In [1]:
from pytadbit.parsers.hic_parser import load_hic_data_from_reads
In [2]:
r_enz_1 = 'HindIII'
r_enz_2 = 'MboI'
reso = 1000000
In [ ]:
hic_data_1 = load_hic_data_from_reads(
'results/{0}/03_filtering/valid_reads12_{0}.tsv'.format(r_enz_1),
reso)
hic_data_2 = load_hic_data_from_reads(
'results/{0}/03_filtering/valid_reads12_{0}.tsv'.format(r_enz_2),
reso)
For this, very sparse, example dataset we are going to ask for very few interactions per bin.
This can be done either by setting min_perc
asking for each bin to contain a minimum percentage of cells with interaction data. Or but setting min_count
asking that the number of cells with interaction data of each bin is above the defined cutoff.
In [ ]:
hic_data_1.filter_columns(draw_hist=True, min_count=10, by_mean=True)
hic_data_2.filter_columns(draw_hist=True, min_count=10, by_mean=True)
In [ ]:
print len(hic_data_1)
print len(hic_data_1.bads)
print len(hic_data_2)
print len(hic_data_2.bads)
As normalization we use either the ICE normalization (Imakaev et al., 2012) with a "full" normalization until the sum of all columns of the matrix are equal, or something more similar to the vanilla normalization used in (Rao et al., 2014) which is exactly like running the ICE normalization without iterations.

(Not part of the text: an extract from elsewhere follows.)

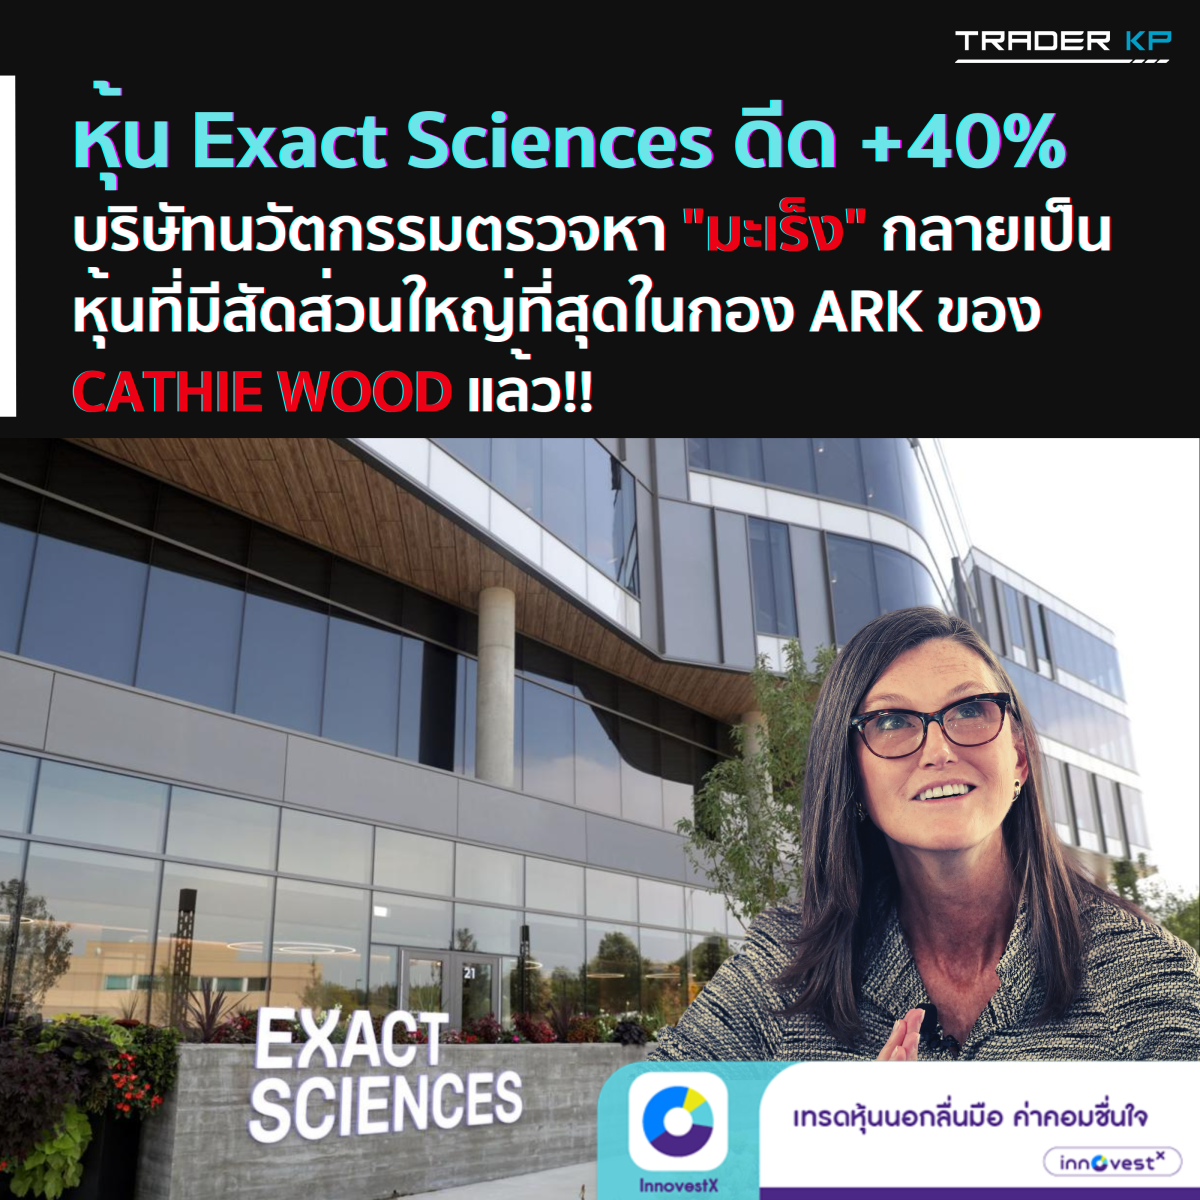 หุ้นบริษัท Exact Sciences ดีดขึ้นมา +40% ภายในเวลา 3 วัน จนบริษัทพัฒนานวัตกรรมด้านการตรวจหา “มะเร็ง” กลายเป็นหุ้นที่มีสัดส่วนใหญ่ที่สุดในกอง ARK Invest ของ Cathie Wood แล้ว !
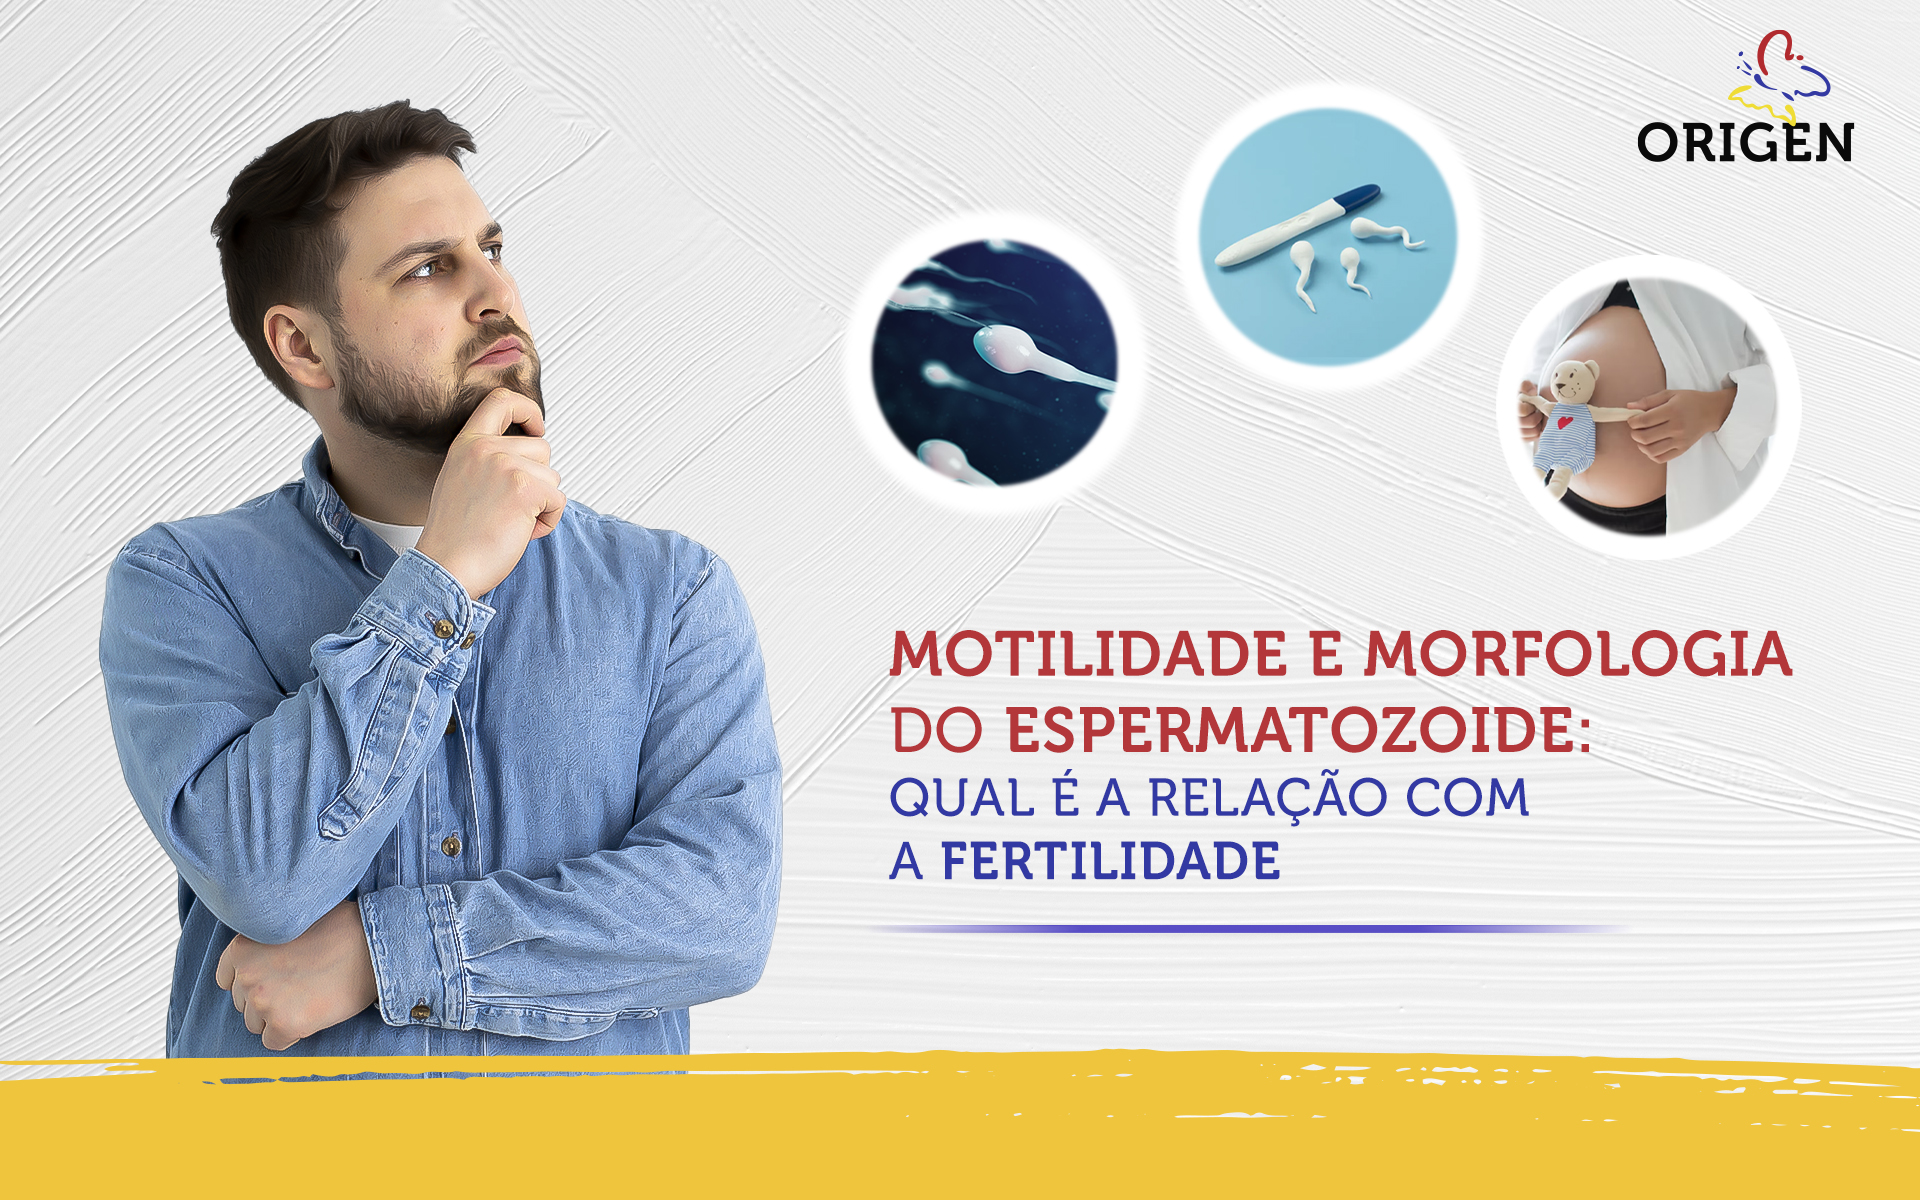 Motilidade e morfologia do espermatozoide: qual é a relação com a fertilidade masculina?

Note: if columns with a lot of zeroes are present the ICE normalization will last very long to converge, and these low-coverage columns will present, at the end of the normalization, few cells with very high values of interaction
In [ ]:
hic_data_1.normalize_hic(iterations=10, max_dev=0.1)
hic_data_2.normalize_hic(iterations=10, max_dev=0.1)
At 100 kb itmakes no sense to view the full matrix (your matrix will have more cells than your screen have pixels).
Try plotting a region of the genome only, with the focus
parameter.
In [ ]:
from pytadbit.mapping.analyze import hic_map
hic_map(hic_data_1, normalized=True, focus='chr18', show=True)
hic_map(hic_data_2, normalized=True, focus='chr18', show=True)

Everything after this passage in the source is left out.